Segment Open

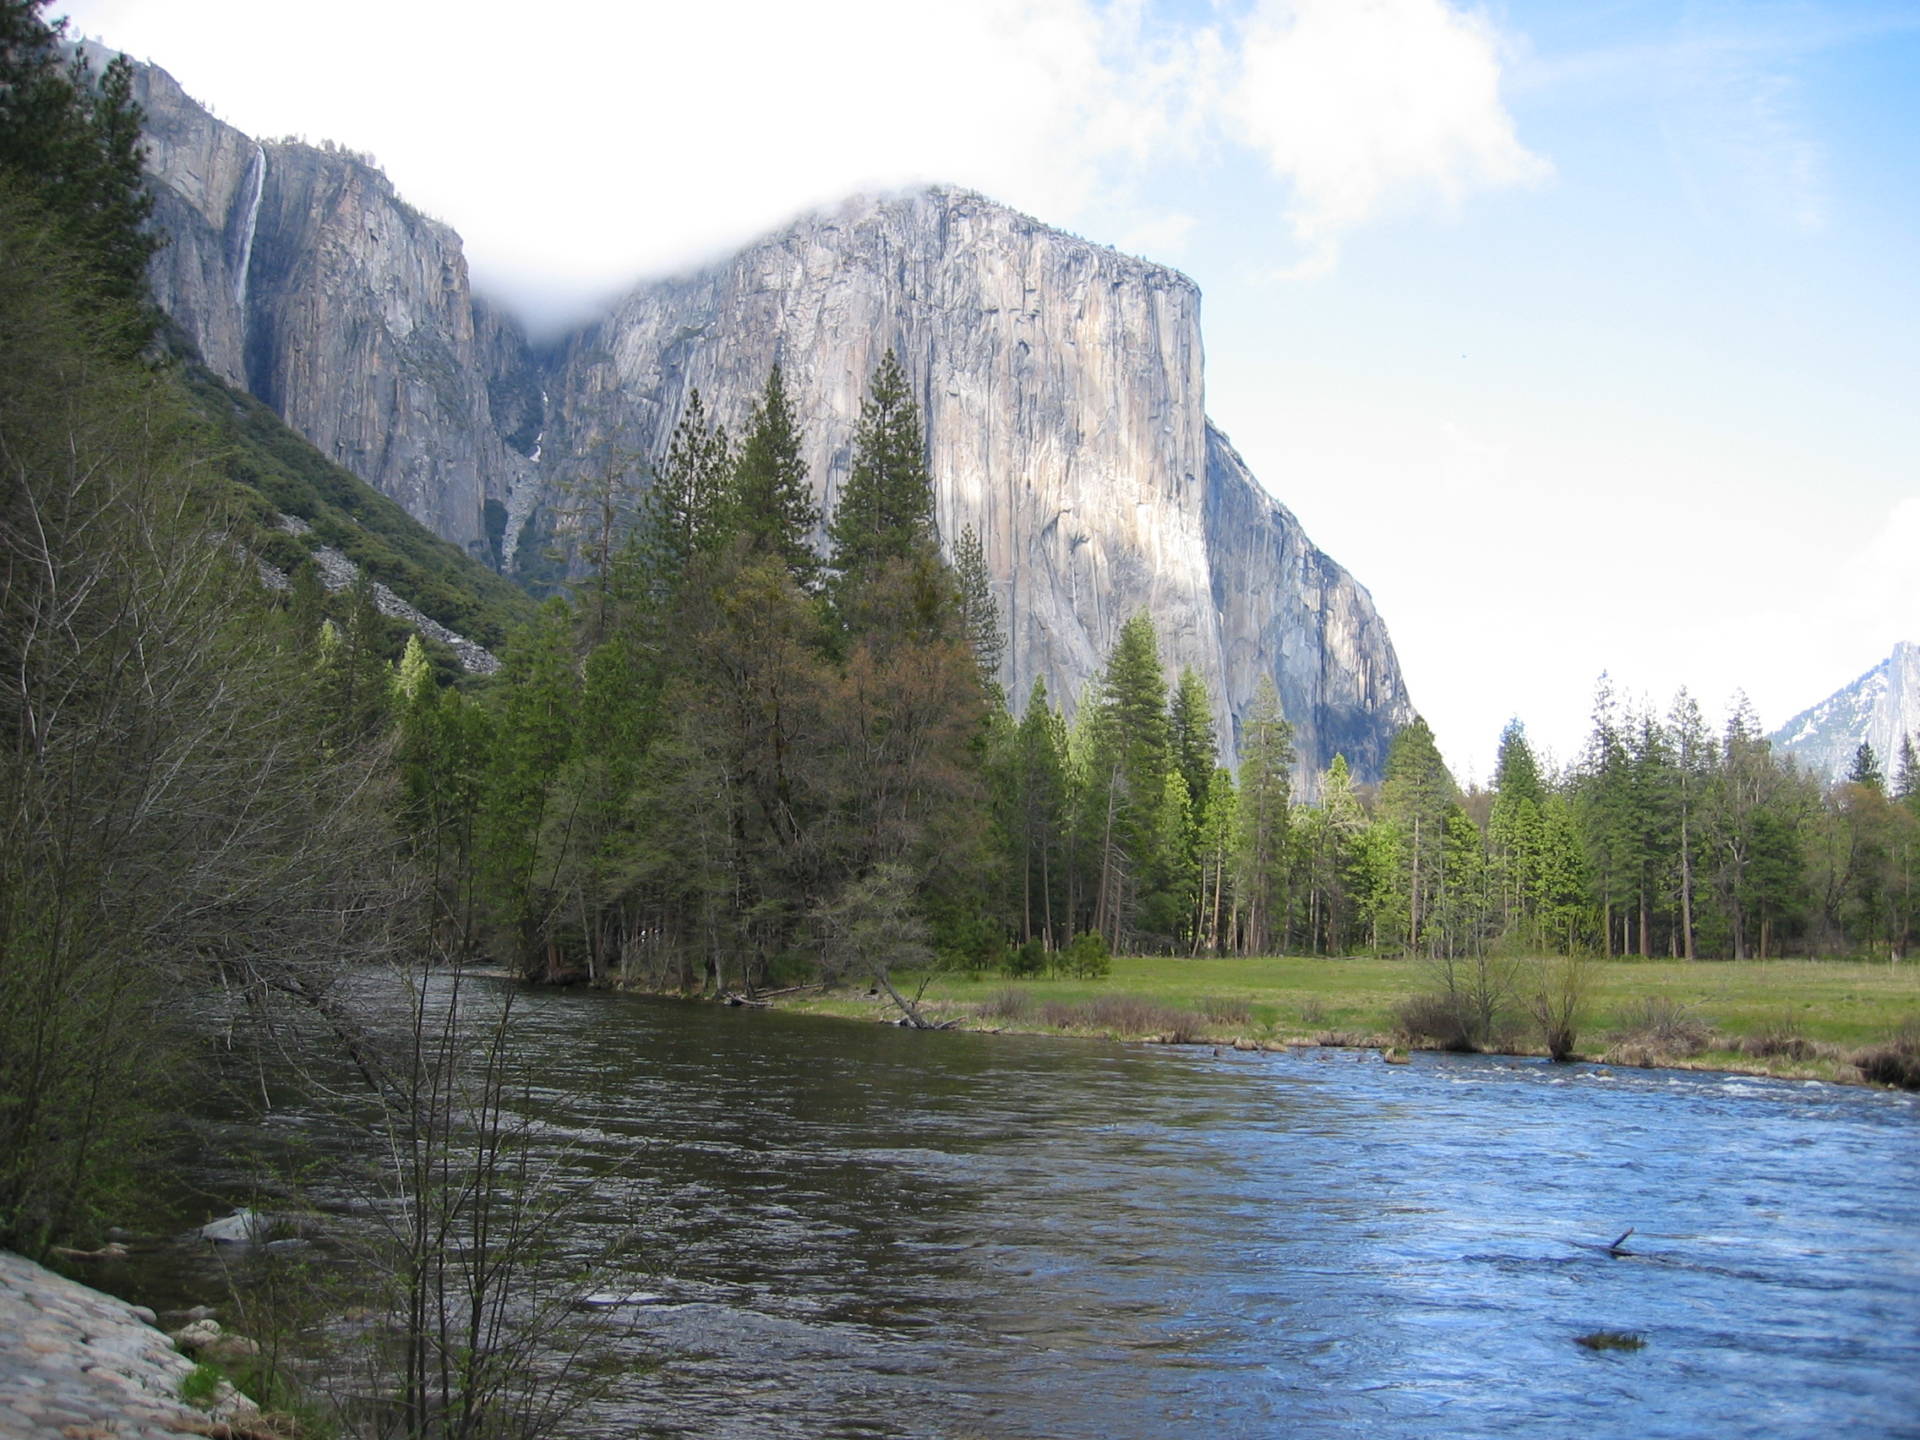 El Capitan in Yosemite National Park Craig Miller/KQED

Segment Closed
Segment Open

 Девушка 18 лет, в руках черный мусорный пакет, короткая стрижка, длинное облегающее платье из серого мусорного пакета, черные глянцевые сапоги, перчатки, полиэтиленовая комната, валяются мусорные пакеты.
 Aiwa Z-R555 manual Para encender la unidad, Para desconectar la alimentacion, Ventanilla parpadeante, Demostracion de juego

Segment Closed
Segment Open

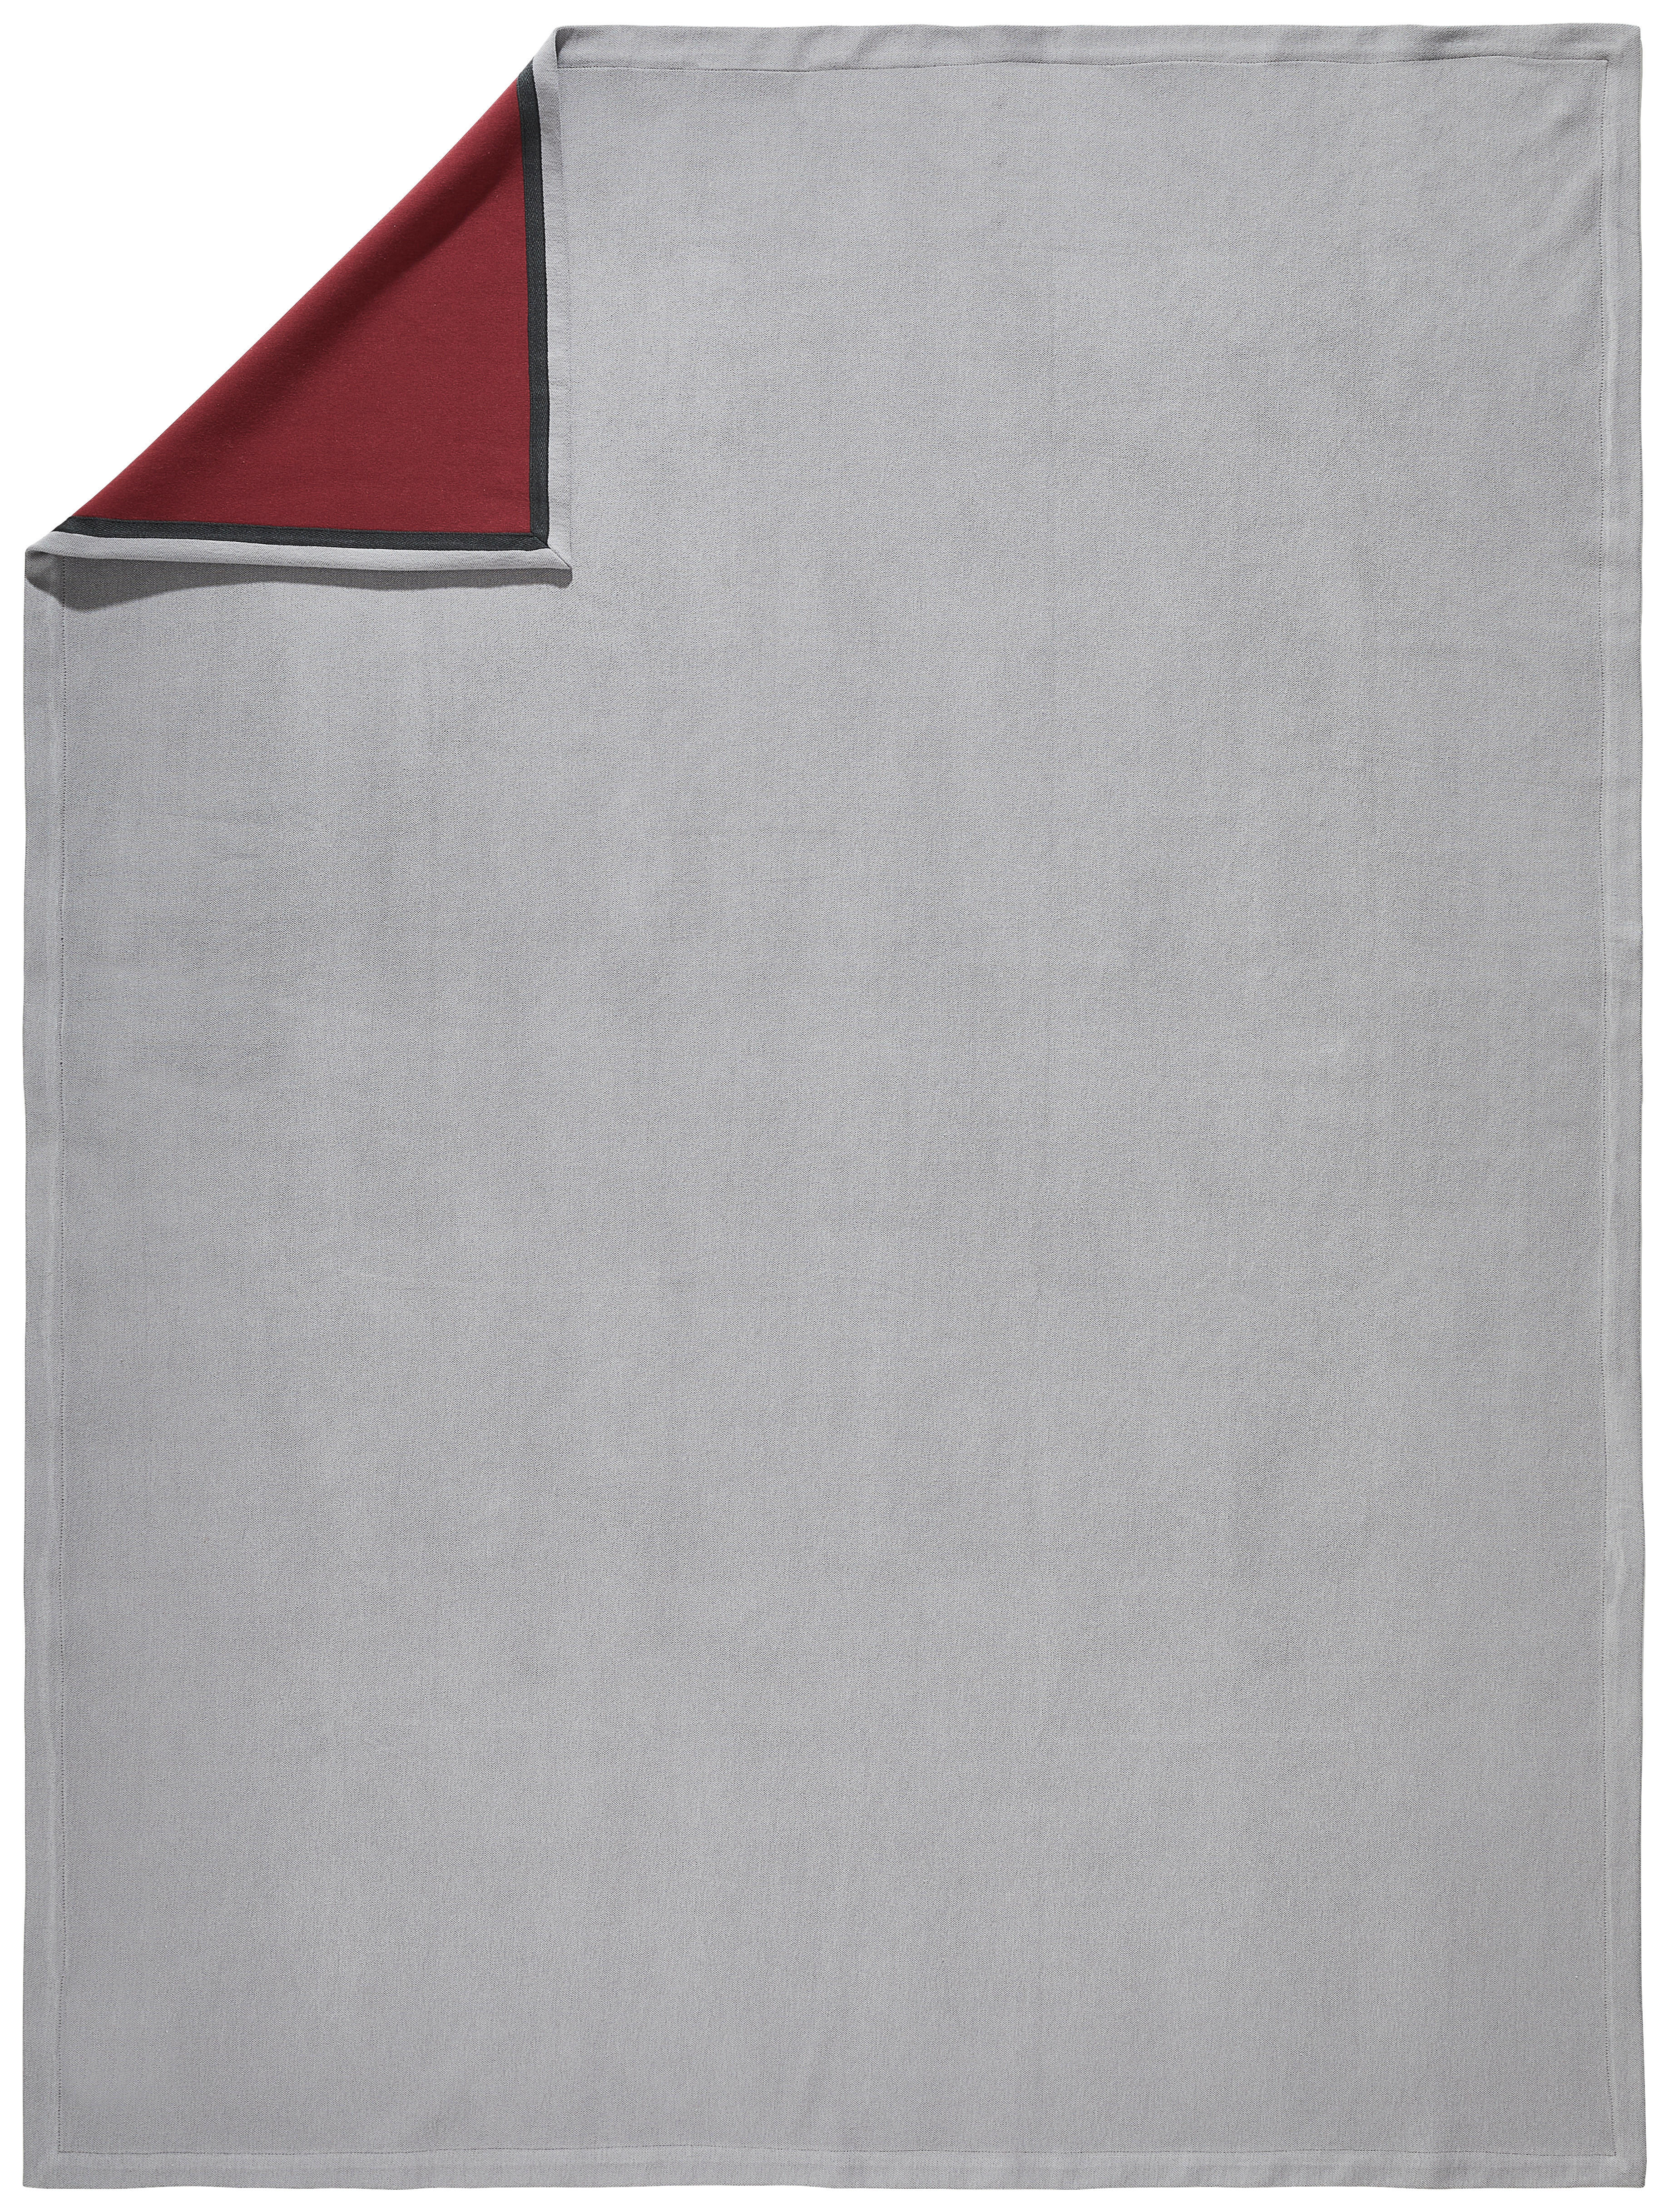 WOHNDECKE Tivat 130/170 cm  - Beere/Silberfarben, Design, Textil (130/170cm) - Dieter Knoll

Segment Closed

» AIM OF THE TASK
Going down the listing above, begin printing at the line with "Девушка 18 лет, в" and finish with the line with "Aiwa Z-R555 manual", exactly as they appear.

» RESULT OF THIS TASK
 Девушка 18 лет, в руках черный мусорный пакет, короткая стрижка, длинное облегающее платье из серого мусорного пакета, черные глянцевые сапоги, перчатки, полиэтиленовая комната, валяются мусорные пакеты.
 Aiwa Z-R555 manual Para encender la unidad, Para desconectar la alimentacion, Ventanilla parpadeante, Demostracion de juego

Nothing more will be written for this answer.